[[ Dataset records open ]]

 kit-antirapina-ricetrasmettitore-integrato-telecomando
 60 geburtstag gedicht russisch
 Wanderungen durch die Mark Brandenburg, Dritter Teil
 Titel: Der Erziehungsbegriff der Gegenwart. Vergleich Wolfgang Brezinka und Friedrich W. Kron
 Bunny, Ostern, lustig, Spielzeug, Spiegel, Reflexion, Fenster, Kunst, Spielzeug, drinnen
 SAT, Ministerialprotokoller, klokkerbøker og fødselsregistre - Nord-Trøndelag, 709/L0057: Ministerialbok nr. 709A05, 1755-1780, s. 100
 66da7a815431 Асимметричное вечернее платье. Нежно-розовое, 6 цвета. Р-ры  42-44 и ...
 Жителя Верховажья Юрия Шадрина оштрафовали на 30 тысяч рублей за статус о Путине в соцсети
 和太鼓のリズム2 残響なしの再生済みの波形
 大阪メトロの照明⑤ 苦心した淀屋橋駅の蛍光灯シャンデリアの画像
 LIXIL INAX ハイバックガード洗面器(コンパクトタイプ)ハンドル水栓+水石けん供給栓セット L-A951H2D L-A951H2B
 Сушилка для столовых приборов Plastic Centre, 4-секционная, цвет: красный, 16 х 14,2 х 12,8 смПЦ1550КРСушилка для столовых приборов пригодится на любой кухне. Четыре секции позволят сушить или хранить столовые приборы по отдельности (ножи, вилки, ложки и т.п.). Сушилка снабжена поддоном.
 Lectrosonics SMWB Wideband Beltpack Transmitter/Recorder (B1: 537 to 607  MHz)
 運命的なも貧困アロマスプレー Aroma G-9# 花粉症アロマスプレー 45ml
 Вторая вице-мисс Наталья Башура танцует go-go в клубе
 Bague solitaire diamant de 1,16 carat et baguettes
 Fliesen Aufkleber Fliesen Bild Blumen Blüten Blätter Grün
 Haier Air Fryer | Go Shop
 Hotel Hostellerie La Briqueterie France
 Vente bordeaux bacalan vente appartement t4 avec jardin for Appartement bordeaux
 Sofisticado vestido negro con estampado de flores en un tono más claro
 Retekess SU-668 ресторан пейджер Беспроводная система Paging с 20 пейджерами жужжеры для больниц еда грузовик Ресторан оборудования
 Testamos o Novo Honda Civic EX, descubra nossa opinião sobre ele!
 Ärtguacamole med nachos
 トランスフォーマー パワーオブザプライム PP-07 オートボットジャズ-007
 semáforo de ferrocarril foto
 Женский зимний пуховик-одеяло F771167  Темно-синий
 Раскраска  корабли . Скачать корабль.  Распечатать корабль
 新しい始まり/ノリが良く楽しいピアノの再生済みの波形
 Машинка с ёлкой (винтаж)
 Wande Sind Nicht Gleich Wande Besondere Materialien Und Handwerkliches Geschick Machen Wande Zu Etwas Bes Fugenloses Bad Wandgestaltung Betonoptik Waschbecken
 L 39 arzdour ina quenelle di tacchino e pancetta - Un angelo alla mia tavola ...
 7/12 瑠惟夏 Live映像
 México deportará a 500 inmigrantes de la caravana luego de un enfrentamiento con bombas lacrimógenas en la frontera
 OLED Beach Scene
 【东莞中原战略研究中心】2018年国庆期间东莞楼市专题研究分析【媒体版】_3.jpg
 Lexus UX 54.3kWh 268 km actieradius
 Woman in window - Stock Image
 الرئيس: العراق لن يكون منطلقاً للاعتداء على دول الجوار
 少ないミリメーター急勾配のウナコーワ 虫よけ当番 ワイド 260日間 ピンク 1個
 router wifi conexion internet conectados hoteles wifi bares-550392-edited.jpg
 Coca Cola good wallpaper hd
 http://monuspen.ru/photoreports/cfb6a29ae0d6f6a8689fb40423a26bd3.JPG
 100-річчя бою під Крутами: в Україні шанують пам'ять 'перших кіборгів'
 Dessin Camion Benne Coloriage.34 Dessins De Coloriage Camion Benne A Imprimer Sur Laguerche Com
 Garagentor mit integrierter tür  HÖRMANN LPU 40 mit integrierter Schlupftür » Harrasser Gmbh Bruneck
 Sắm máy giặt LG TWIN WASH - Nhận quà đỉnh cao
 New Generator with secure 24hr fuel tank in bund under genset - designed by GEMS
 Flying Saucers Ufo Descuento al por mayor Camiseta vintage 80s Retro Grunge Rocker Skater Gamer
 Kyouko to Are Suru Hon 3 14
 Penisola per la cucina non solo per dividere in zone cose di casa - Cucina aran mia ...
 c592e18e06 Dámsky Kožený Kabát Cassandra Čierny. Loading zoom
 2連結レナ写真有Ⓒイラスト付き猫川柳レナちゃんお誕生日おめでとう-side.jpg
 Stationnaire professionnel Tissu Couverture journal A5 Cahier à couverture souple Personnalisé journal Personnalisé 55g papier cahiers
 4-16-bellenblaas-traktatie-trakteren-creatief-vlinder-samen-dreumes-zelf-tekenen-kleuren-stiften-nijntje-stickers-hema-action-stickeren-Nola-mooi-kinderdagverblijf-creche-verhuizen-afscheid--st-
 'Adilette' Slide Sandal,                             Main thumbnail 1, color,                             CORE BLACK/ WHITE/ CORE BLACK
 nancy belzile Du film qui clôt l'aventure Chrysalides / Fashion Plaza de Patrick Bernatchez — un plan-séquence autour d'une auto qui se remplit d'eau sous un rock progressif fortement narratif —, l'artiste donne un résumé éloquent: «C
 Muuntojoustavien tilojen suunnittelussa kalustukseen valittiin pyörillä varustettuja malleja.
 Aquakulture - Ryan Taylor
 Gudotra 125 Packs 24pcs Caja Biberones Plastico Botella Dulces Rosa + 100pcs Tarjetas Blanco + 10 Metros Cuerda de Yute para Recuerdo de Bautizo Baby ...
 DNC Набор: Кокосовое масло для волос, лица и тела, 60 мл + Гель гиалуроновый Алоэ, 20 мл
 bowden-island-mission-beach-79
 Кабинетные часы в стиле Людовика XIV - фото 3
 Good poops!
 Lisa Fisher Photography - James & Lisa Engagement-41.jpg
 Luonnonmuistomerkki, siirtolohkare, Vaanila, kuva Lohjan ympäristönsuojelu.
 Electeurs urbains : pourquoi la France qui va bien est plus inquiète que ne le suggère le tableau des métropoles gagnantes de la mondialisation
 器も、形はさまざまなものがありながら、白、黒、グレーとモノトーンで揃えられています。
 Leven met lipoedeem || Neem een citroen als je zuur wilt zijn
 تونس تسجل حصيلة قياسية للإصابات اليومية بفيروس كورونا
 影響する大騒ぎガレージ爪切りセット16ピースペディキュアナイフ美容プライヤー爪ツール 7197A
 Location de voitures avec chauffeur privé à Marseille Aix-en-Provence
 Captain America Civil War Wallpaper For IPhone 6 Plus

[[ Dataset records closed ]]

Work task: Once you find the line with "Sắm máy giặt" in the entries above, output it and each line after it up to and including the line with "2連結レナ写真有Ⓒイラスト付", and nothing else.

The completed task:
 Sắm máy giặt LG TWIN WASH - Nhận quà đỉnh cao
 New Generator with secure 24hr fuel tank in bund under genset - designed by GEMS
 Flying Saucers Ufo Descuento al por mayor Camiseta vintage 80s Retro Grunge Rocker Skater Gamer
 Kyouko to Are Suru Hon 3 14
 Penisola per la cucina non solo per dividere in zone cose di casa - Cucina aran mia ...
 c592e18e06 Dámsky Kožený Kabát Cassandra Čierny. Loading zoom
 2連結レナ写真有Ⓒイラスト付き猫川柳レナちゃんお誕生日おめでとう-side.jpg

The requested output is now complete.